**Task goal**
The answer must be the full data, restated word for word, with no pictures in it.

**Collected data**
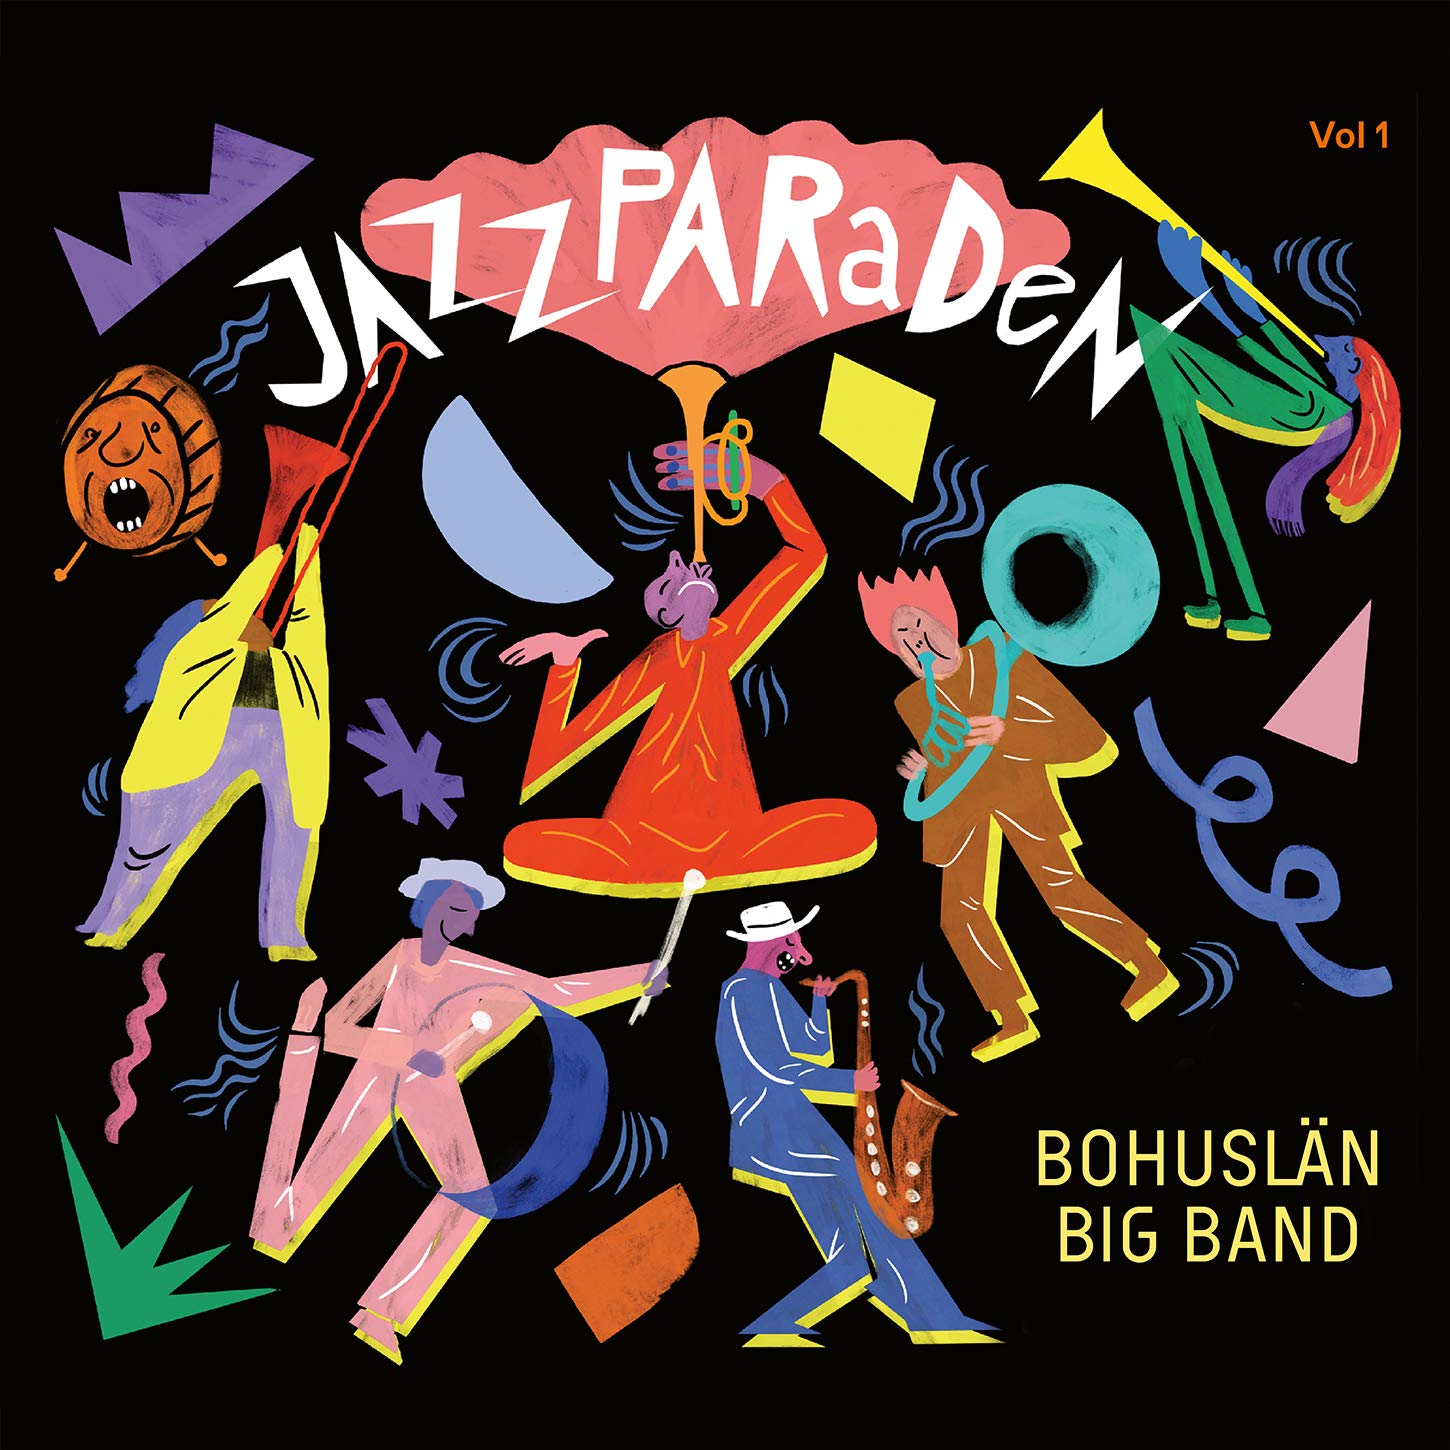 BOHUSLÄN BIG BAND - Jazzparaden cover 
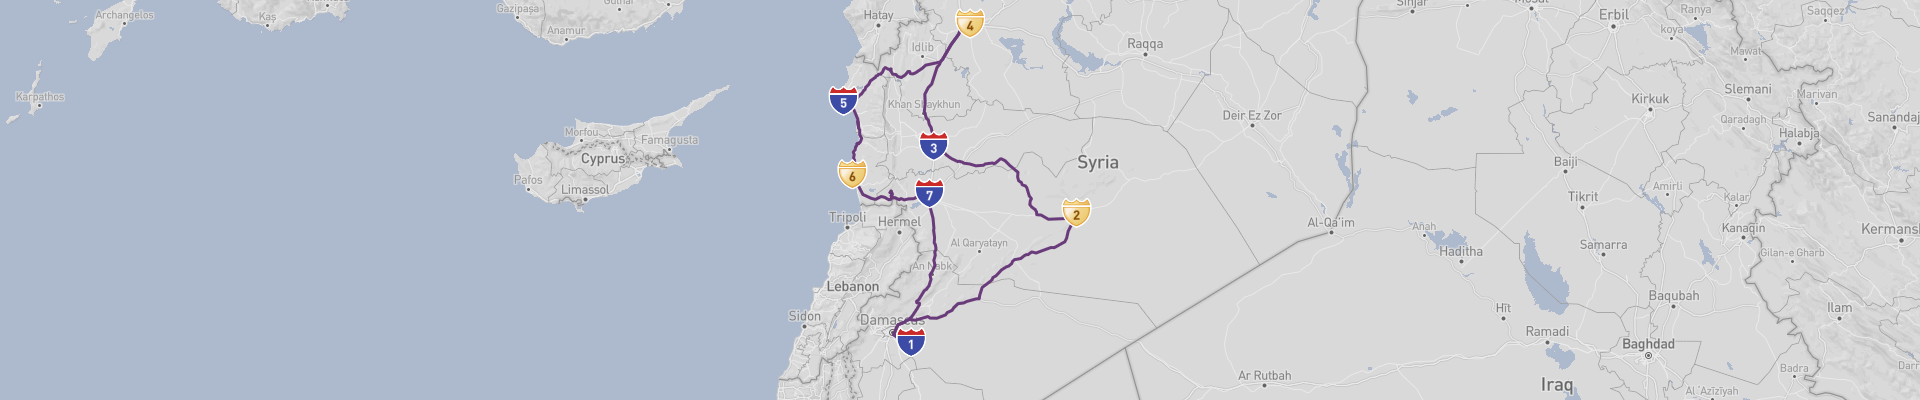 Syria Road Trip
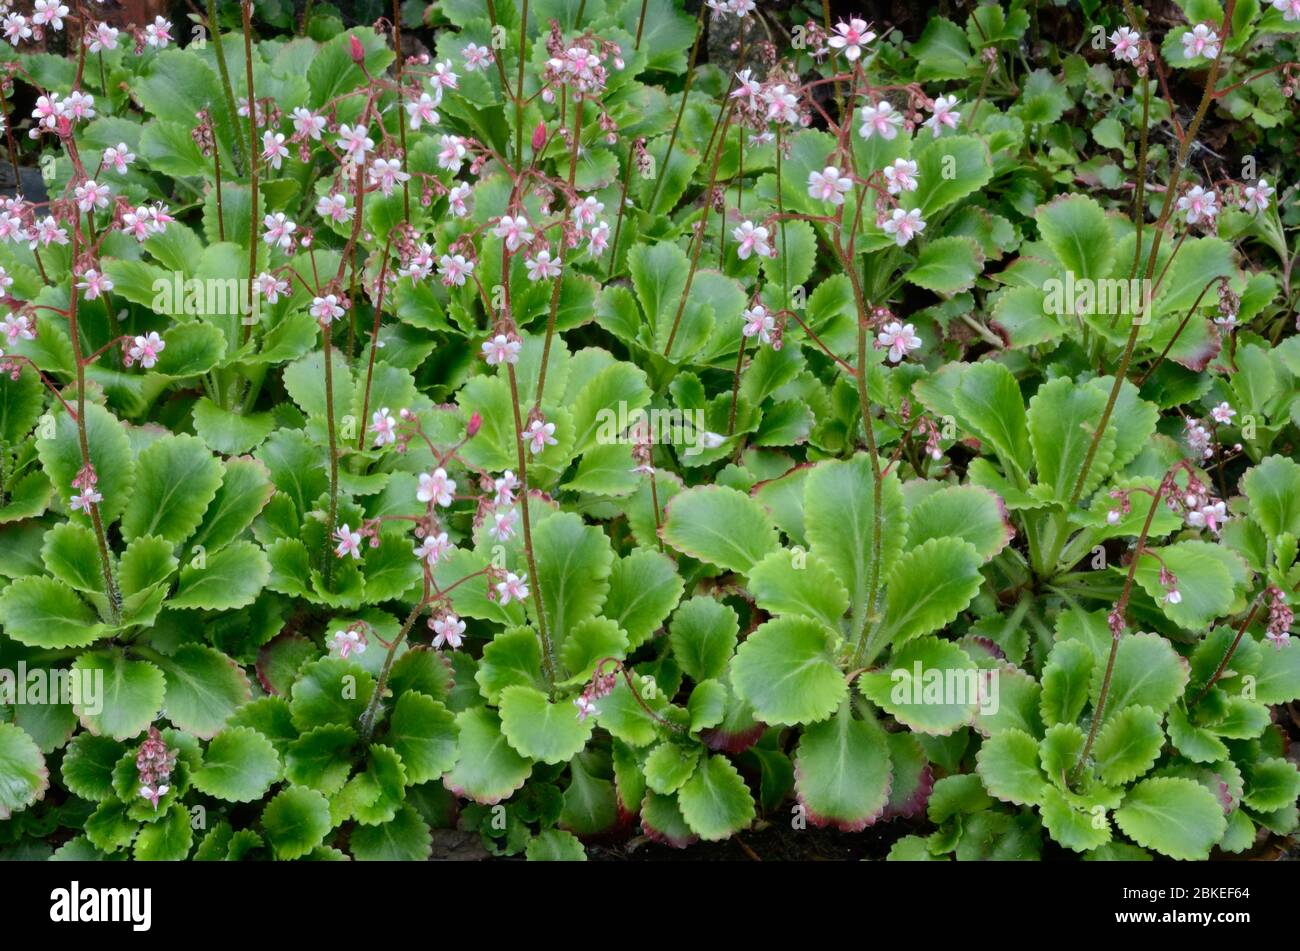 London Pride Blumen Blätter Pflanze Saxifraga urbirium mehrjährige Garten blühende Pflanze Stockfoto

**Reply**
 BOHUSLÄN BIG BAND - Jazzparaden cover 
 Syria Road Trip
 London Pride Blumen Blätter Pflanze Saxifraga urbirium mehrjährige Garten blühende Pflanze Stockfoto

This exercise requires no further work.